Object Storage or an Object Store is a method of storing and managing data on disk that overcomes the limitation of standard disk arrays and filesystems. Effectively every piece of data is stored as free standing “object” as opposed to being placed into a hierarchy as is the case with file system based storage.
Object Storage uses commodity hardware and disks in expandable clustered nodes to enable the following key features.
Store any type of file based data from files through to multimedia.
Massively scalable without limitation due to hardware configuration or filesystem constraints.
Attach rich metadata to every file to make it searchable using multiple criteria.
Each Object also has a unique identifier which is used to make data retrieval very fast no matter how large the object store becomes.

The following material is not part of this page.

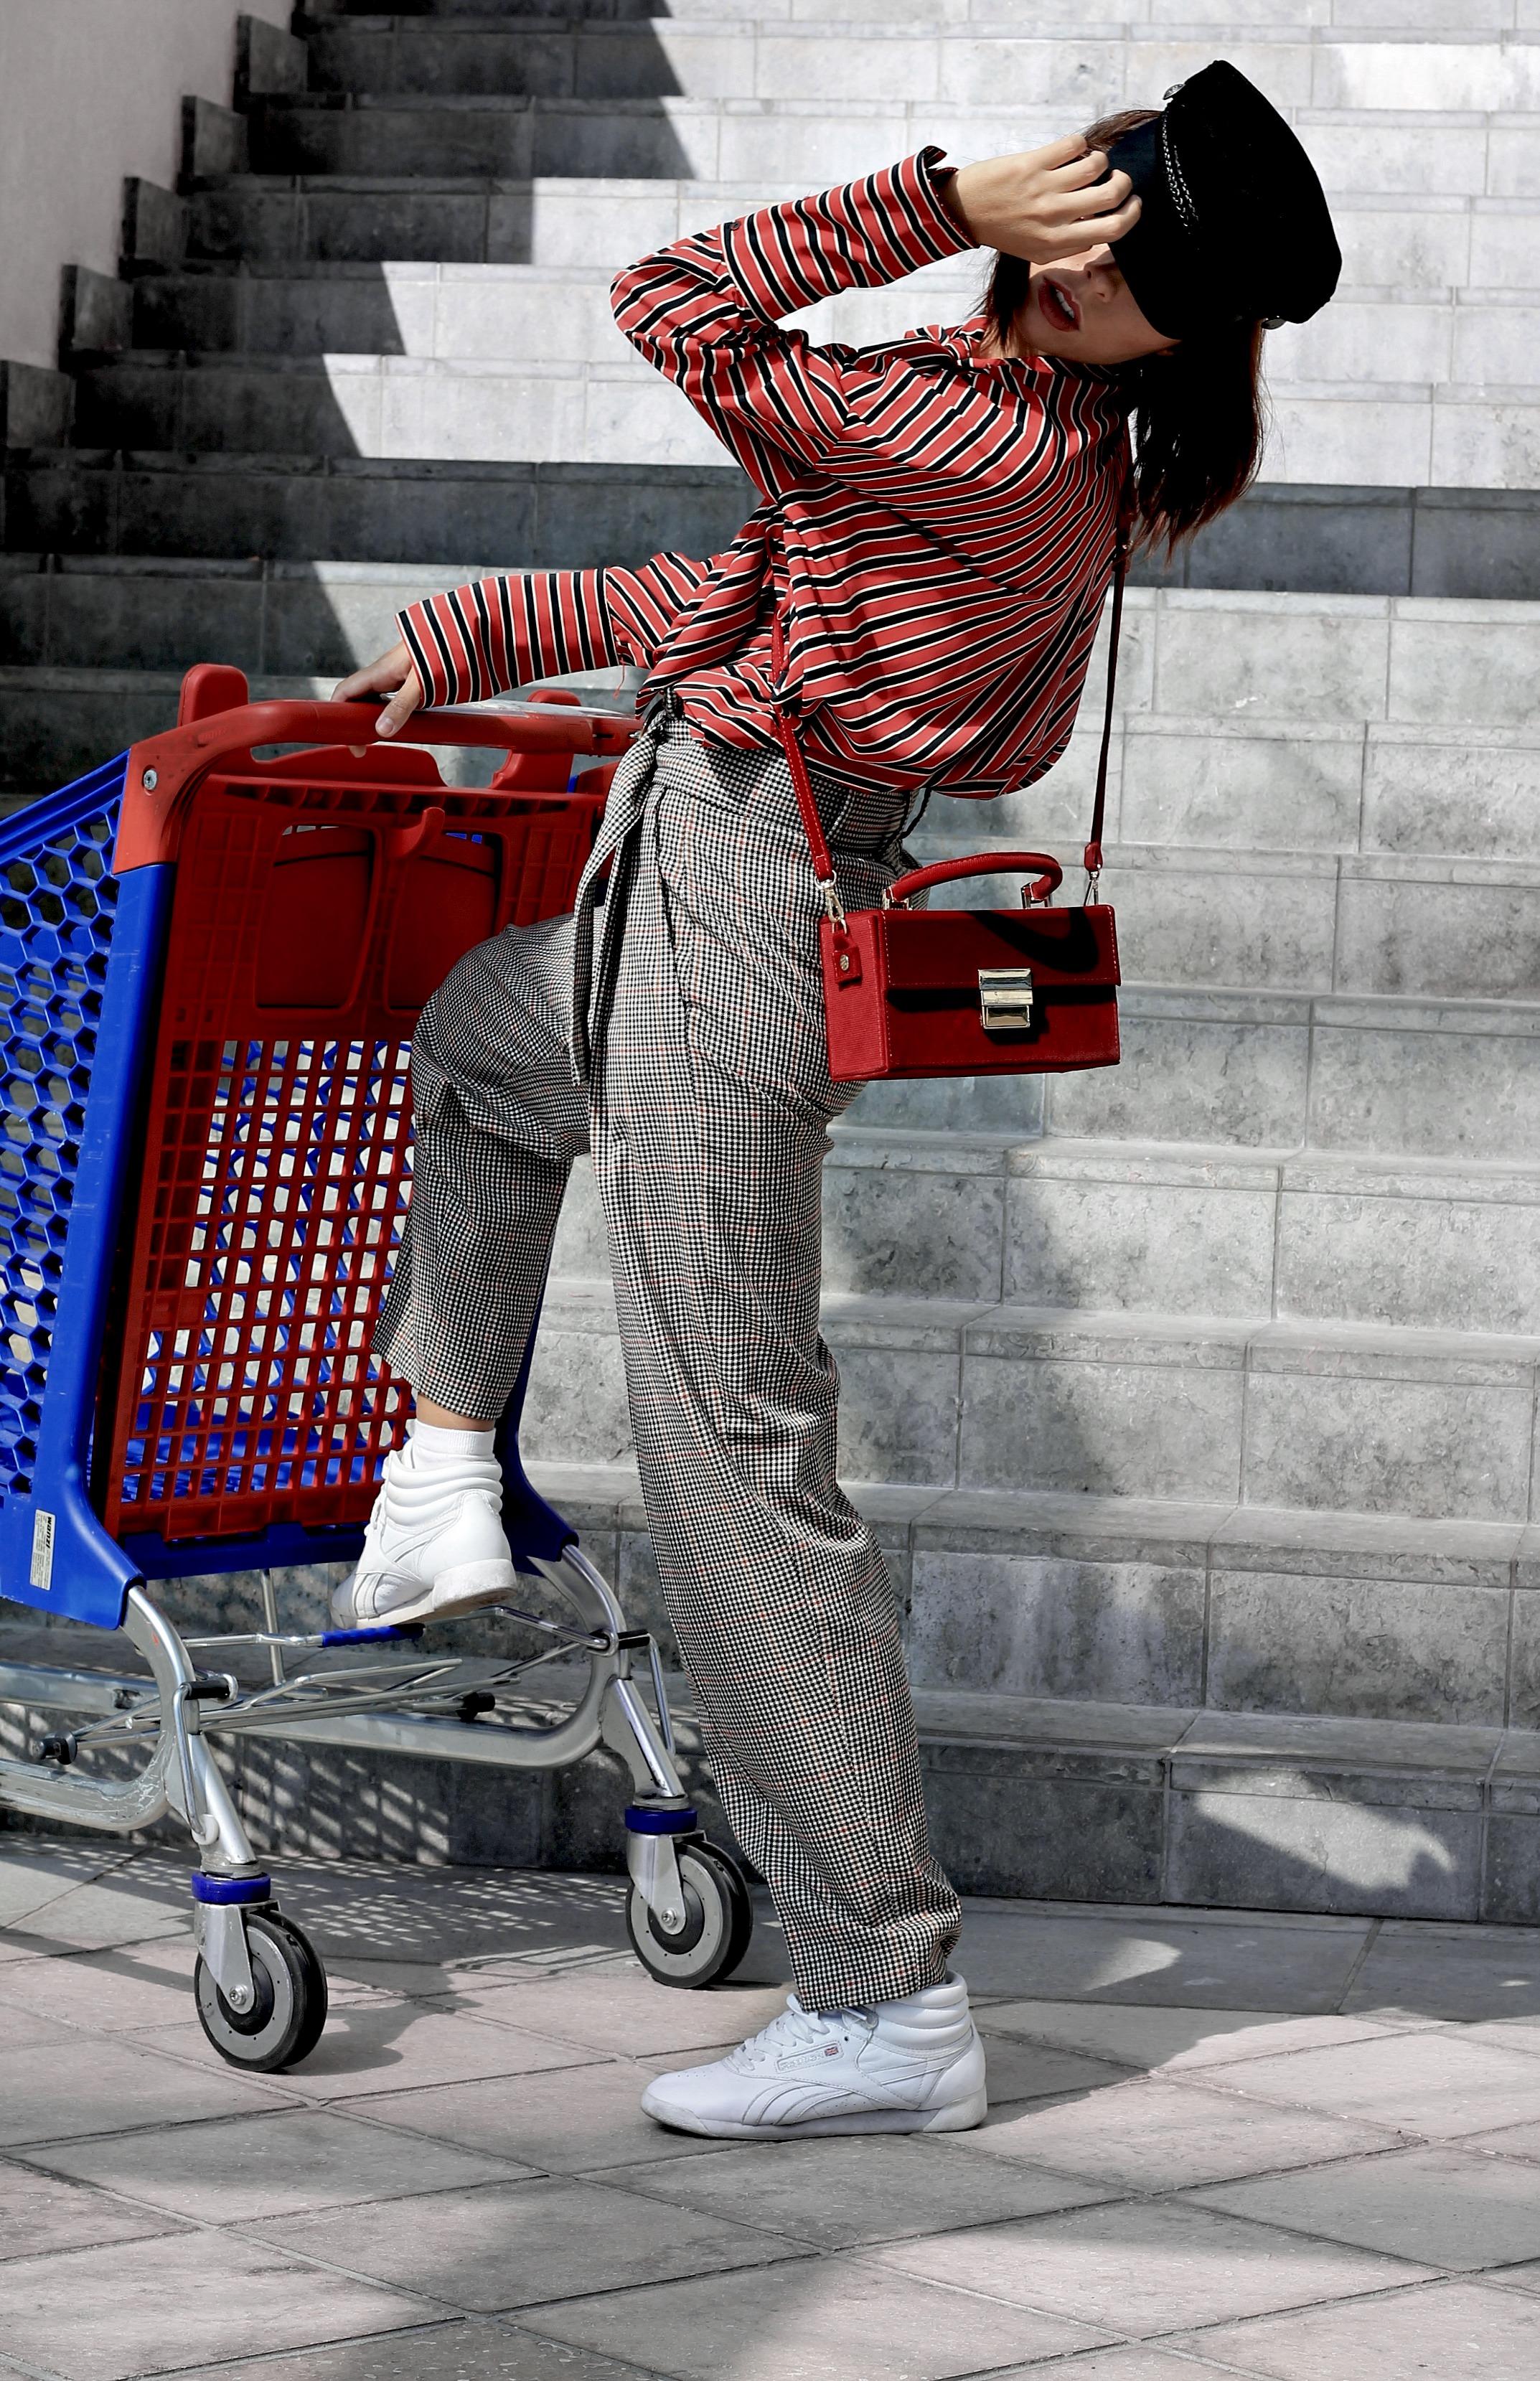 sfilate milano settembre 2017, theladycracy.it, pantaloni mango autunno inverno 2018, coppola da marinaio autunno inverno 2017 outfit, outfit autunno 2017, tendenze moda ss 2018, cosa andrà di moda estate 2018, tendenze moda autunno inverno 2017, casual chic inverno 2017, borsa zara inverno 2017

Object Storage is the storage of the web, with file sharing services like Dropbox, Photos on Facebook and Music on Spotify. Perhaps the most famous example of a massive object store is AWS s# storage.
Because Object storage is built on clustered nodes, every file is saved in more than one physical location, ensuring a certain amount of redundancy and data protection is built in. Because there is not limitation on number of files that can handled, object storage can grow to many millions of files, yes due to the meta data rich indexing the data you need whether multimedia, log or standard files is retrievable at speed via very flexible and wide ranging search capability.
Multiple Disk vendors also offer corporate object storage solutions which offer all of the benefits of public or web based object storage but extra layers of security and sometime extra performance also thrown in.
As we create data through different sources such as social, multimedia, from devices and applications, Object Storage have become a very appropriate way to store and manage this less “structured” approach to creating data than is the case for a simple file based storage approach.